The Kassadin pick is what makes this perfect draft phase possible. Let’s return to those two questions we asked before:

  • Does the champion fit our potential team compositions?
  • Can the champion handle the matchup we’re placing it into?

Kassadin is a generically strong champion who fits into a number of compositions in the mid lane. However, as a flex pick, he also has more matchup flexibility. If countered mid, he can go top, and vice versa. This forces SKT into an even more specific set of strategies, even if they do manage to predict the Kassadin top. Essentially, the Kassadin pick gives Shield a number of options, while restricting SKT’s options significantly.

On top of that, the Lee Sin pick is brilliant.
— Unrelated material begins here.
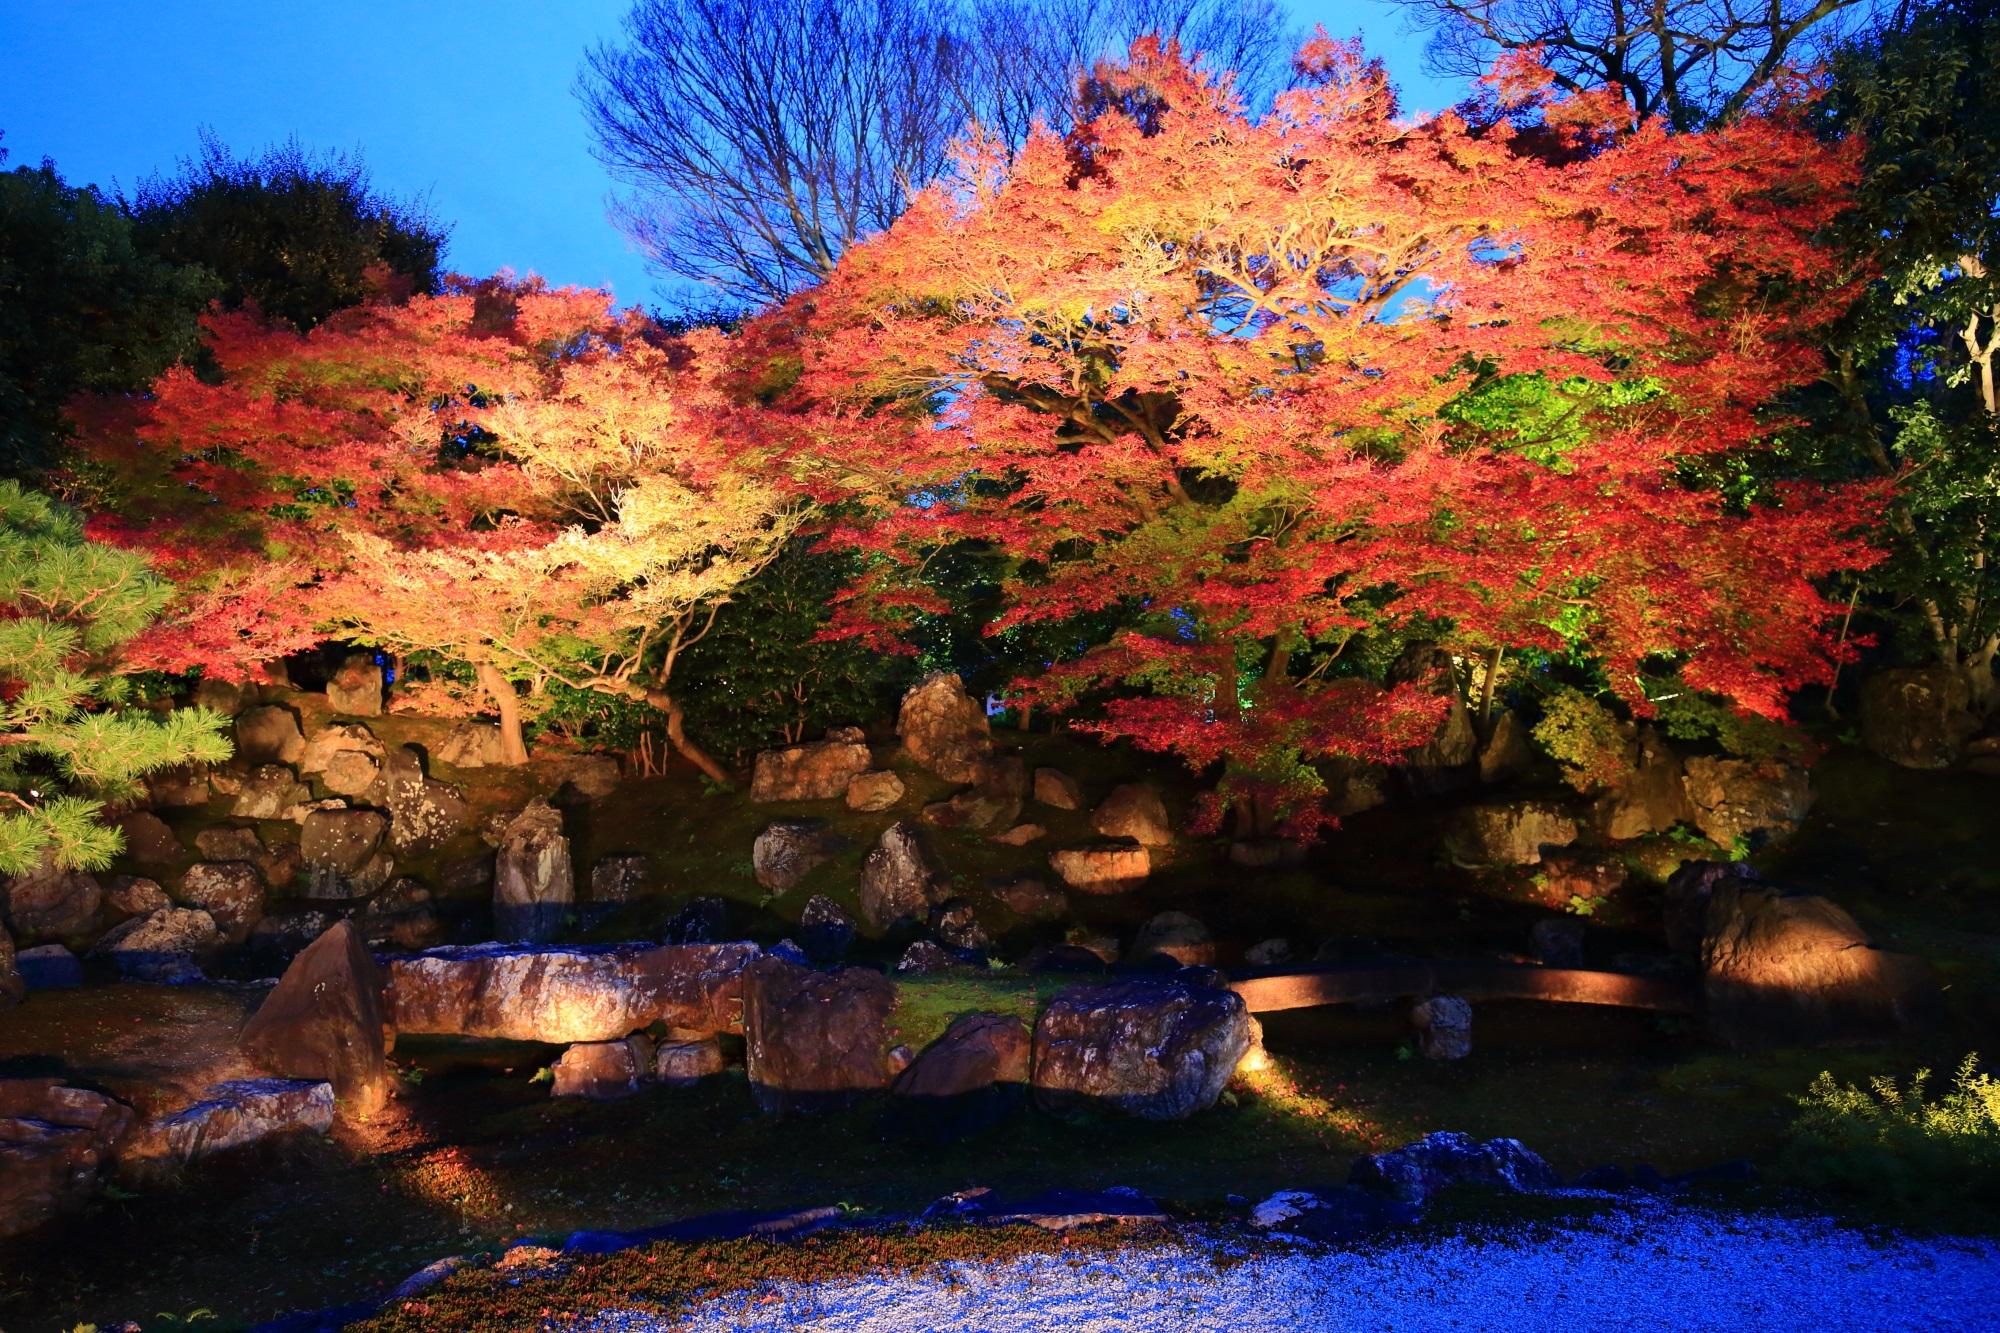 高台寺 圓徳院の北庭の見ごろの紅葉のライトアップ

Kassadin’s weak laning phase is balanced out by Lee Sin’s strong early pressure. Moreover, the strong early ganks by Lee Sin would be a strong counter to Kassadin, so by securing Lee Sin, they shore up a weakness of theirs, while preventing SKT from taking advantage of one of that weakness. After that, SKT grabs Kha’Zix and Dr. Mundo. While both of those are strong picks, they aren’t particularly inspired, and SKT’s composition seems less inspired. Shield responds with Janna/Lucian.


Under normal circumstances, this may seem like a strange pick. You want high damage vs Dr. Mundo, or he will become nearly invincible. Lucian is hardly the most damaging AD Carry. However, what Shield has up their sleeve is a third carry pick coming out of the mid lane. The Janna adds to the team’s general mobility, while giving enough peel to Lucian that Ahri, Kassadin, and Lee Sin can all focus on zoning or diving the enemy carries. From there, the team’s composition basically finishes itself, as we saw the Ahri pick locked in earlier.

However, it could easily have gone another way. We see Shield hover over a few picks that could have been made, and would have changed the composition significantly.


Xerath could serve the same purpose as Ahri, as his long-ranged damage could still zone Vayne and Orianna out, and help clean up in a chase. As well, his stun could also function similarly to Ahri’s charm, but he would risk getting caught by an Orianna Shockwave by getting too close, and wouldn’t be able to chase as well as Ahri. Overall, Xerath would simply have to play more perfectly to accomplish the same thing as Ahri.

Twisted Fate

If Xerath is the far-back version of Ahri, Twisted Fate would serve as the all-in version. While Ahri could use her charm to initiate, and simply back off if it missed, Twisted Fate’s main initiation requires using Destiny to teleport to the opposing team, then using his Pick a Card stun. It could have worked with this composition, but it would have been much more all-in. As well, Kassadin’s weak early-mid game and limited follow-up from the Lucian and Janna lane would give Twisted Fate little support in his trademark ganks.


While there was no Syndra hover, Syndra is one of the best counters to Orianna in lane, and her stun would initiate just as well as Ahri’s charm. However, Syndra’s complete lack of mobility would put her at a huge threat to be jumped by Kha’Zix. A simple Kha’Zix Orianna combo would have wreaked havoc on Syndra’s ability to zone out the carries, while Ahri can simply Spirit Rush in response to avoid such a combo.